Well blogging, we meet at last. I’ve had mixed feelings about the practice of blogging since I first heard of it and thought “Really? That’s the name you’re sticking with?” But it has finally reached a point where I think, well why not? Now I’ve never kept a blog, and I don’t actually know that much about them despite being part of “that generation” that should apparently have a manual of some sort in their brain for all basic computer programs and functions, in which case I don’t know if there’s some sort of formula to blog posts or some kind of blog management etiquette, but I’m sure I’ll figure things out. I only mention it so that if there are accidentally 20 posts in a row of the same thing or something you’ll be forewarned of the experimentation and learning period in progress.
So, the theoretical point of this blog is to be somewhere for me to post things that I write. And I do mean ‘things’ because I tend to write short snippets of fiction, though sometimes there are short stories and such too. I suspect most of my posts will come from an intriguing book I have which is called ‘642 Things To Write About’. It’s simply a collection of short (anywhere from a couple of sentences to just a word) starter phrases designed to get you thinking and writing. For instance, “The greatness of sandwiches” or, “Go to a café and closely watch two people interact. Then write a scene about to people in a café” or “Create an imaginary friend (human or not)” (I have high hopes for a hedgehog being involved in this one), and so forth. As you can see, they’re diverse, so posts on here could be pretty random. Just the way we like it I say. I imagine there will also be some first-person posts from me, who can say? But when things come from “the book” I’ll use the prompt as the post heading and then my writing about it as the body of the post (I say confidently, like I’ve already mastered my heading/post functions).
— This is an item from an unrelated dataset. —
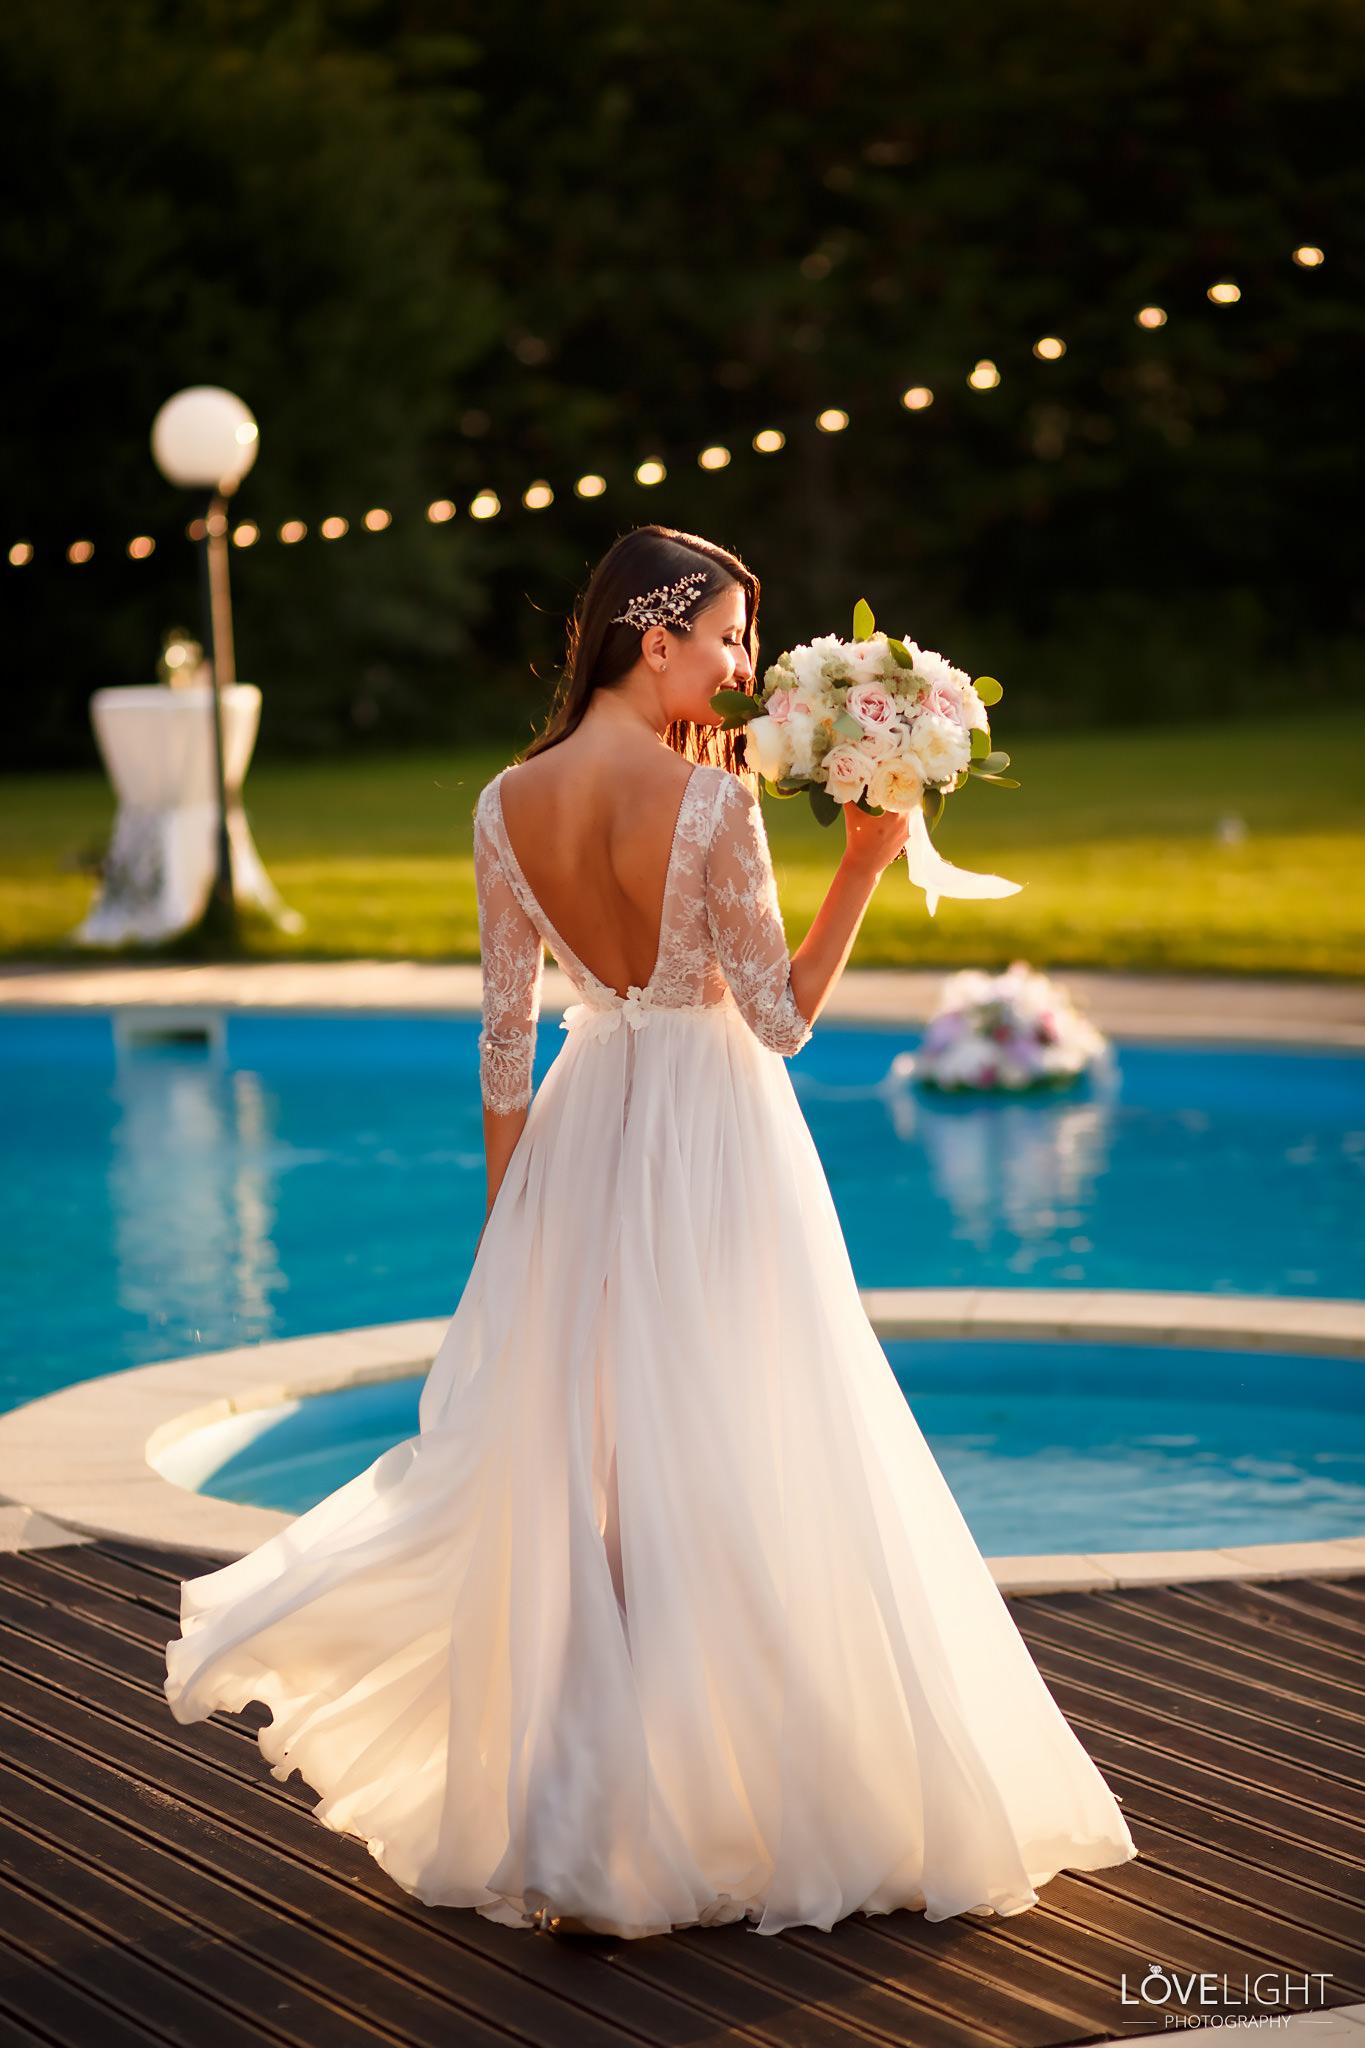 fotograf nunta bucuresti lovelight photography 0027

I’m not sure yet how often I will post something because I’m not sure yet how this blog and I will feel about one another, but I will try to post with reasonable frequency because, really, it’s just stagnating and taking up space in the ether otherwise. That being said, welcome to my blog invisible people!
Thursday, 20 September 2012
Begin writing with the following sentence: "That was the time he stopped believing ______."
"It's not there" he said quietly, to himself, unheard over the shouting behind him. And it was right then, in that moment, seeing his reflection looking back at him in the glass, he just knew. He knew his parents would separate, as they did a month later and proceeded to have a very nasty and messy divorce. It was like he saw a premonition of his future life, living with his Mother who became increasingly depressed and was less and less able to cope, with weekends with his Father, in theory, except that his Father gave more and more excuses as to why he couldn't take him until finally he just stopped seeing him at all. In high school there would be petty crime, graffiti, shop lifting... Then as he got a bit older, dabbling in drugs and drinking too much, just like his Mother. Then his semi-nomadic lifestyle, never staying in one place long, drifting around the country, always thinking there's got to be somewhere better than 'insert the name of whatever town he'd been living in a few months here.'
It was as if he sensed all this, at eight years old, standing in front of that apparently empty enclosure, listening to his parents yelling, and he felt a sudden anger welling up inside him until he suddenly yelled "There's no such thing as armadillos!" and ran away down the path.
For whatever reason, in years to come that opinion stuck with him, though he never mentioned it to anyone, including himself. But it just stayed there, somewhere in the back of his mind, and sayings like "Prove it! I've never seen/heard that, and why should I believe you?" became commonplace for him.
That is, until one day around his 29th birthday, when he'd picked up and suddenly left another town and failed relationship number 'I've stopped counting' behind him and was just driving in the early morning, somewhere along the Texas and New Mexico border. He had no destination in mind, and very little else in his mind either at that moment, just staring out in front of him, when something moved on the road, just up ahead. He pressed down hard on the breaks, swerved to the right and caught the sandy shoulder, sending him veering right off the road and to a screeching halt in some brush.
He looked back to the road and watched the armadillo that had stopped him, as it safely reached the other side.